Source material:
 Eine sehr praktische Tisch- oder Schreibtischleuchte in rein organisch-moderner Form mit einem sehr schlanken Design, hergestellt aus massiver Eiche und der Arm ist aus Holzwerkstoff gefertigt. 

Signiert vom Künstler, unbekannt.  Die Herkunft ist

...

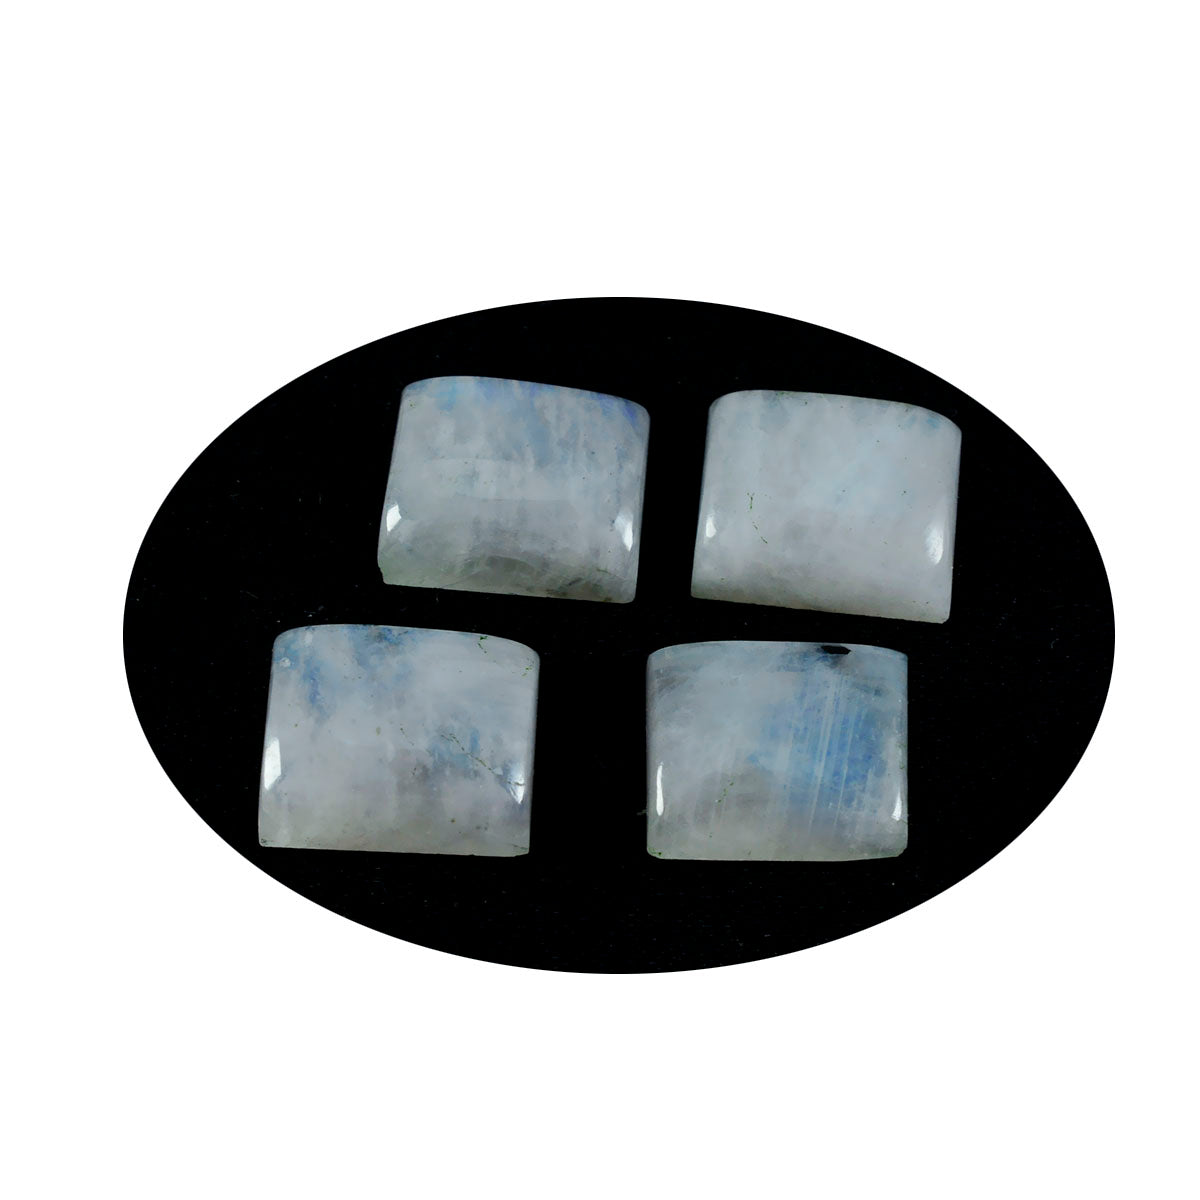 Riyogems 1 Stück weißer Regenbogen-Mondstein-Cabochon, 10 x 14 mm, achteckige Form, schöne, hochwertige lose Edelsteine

...

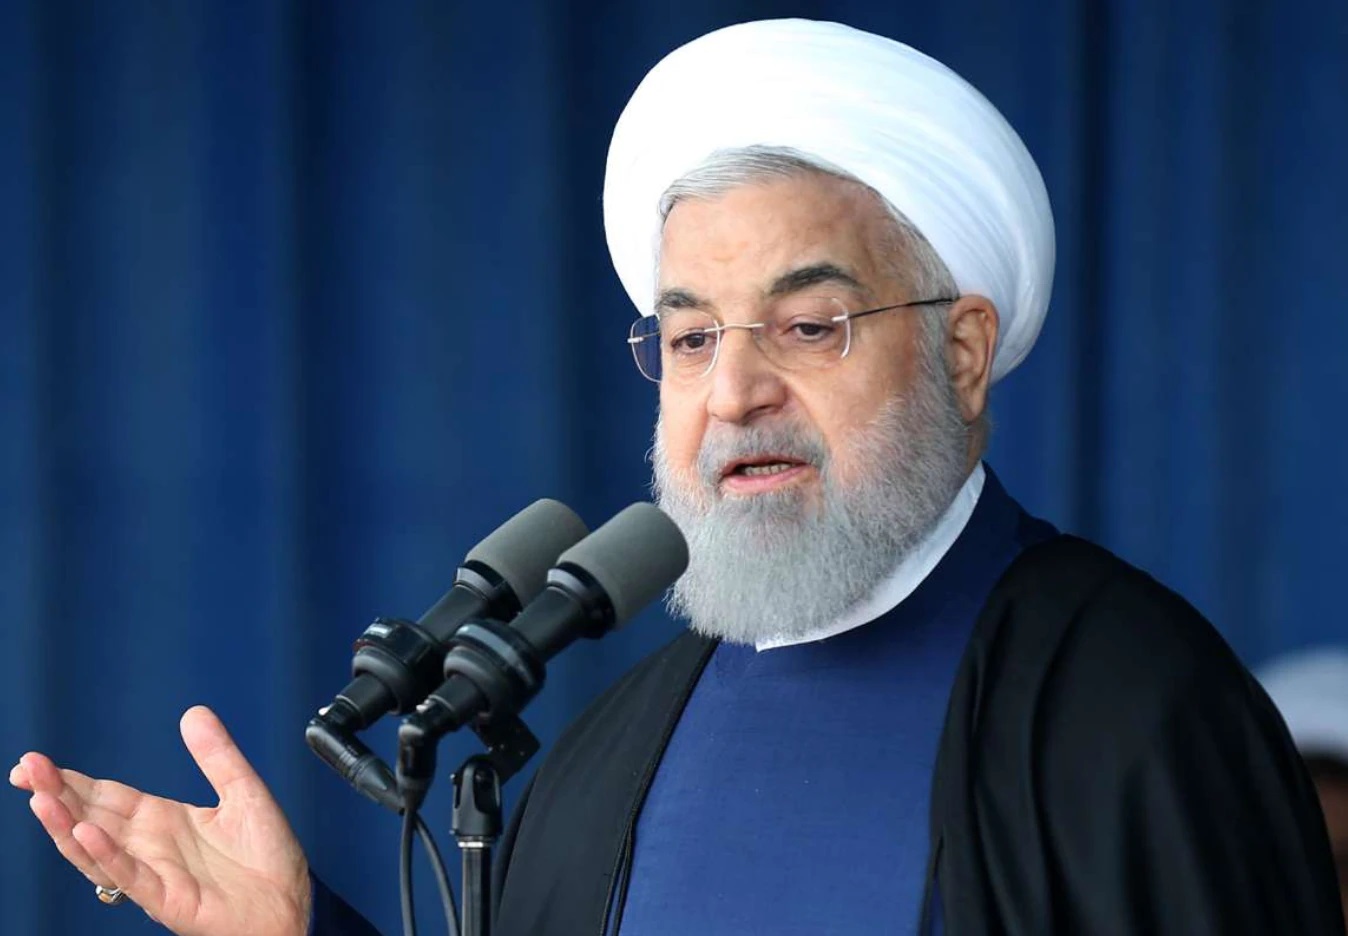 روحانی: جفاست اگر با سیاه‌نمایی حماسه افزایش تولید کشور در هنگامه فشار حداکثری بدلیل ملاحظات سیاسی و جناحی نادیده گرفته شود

Task instructions: In the data above, find the line that contains "Eine sehr praktische" and the line that contains "Signiert vom Künstler, unbekannt.". Repeat exactly those lines and every line between them, and only those.

Output for this task:
 Eine sehr praktische Tisch- oder Schreibtischleuchte in rein organisch-moderner Form mit einem sehr schlanken Design, hergestellt aus massiver Eiche und der Arm ist aus Holzwerkstoff gefertigt. 

Signiert vom Künstler, unbekannt.  Die Herkunft ist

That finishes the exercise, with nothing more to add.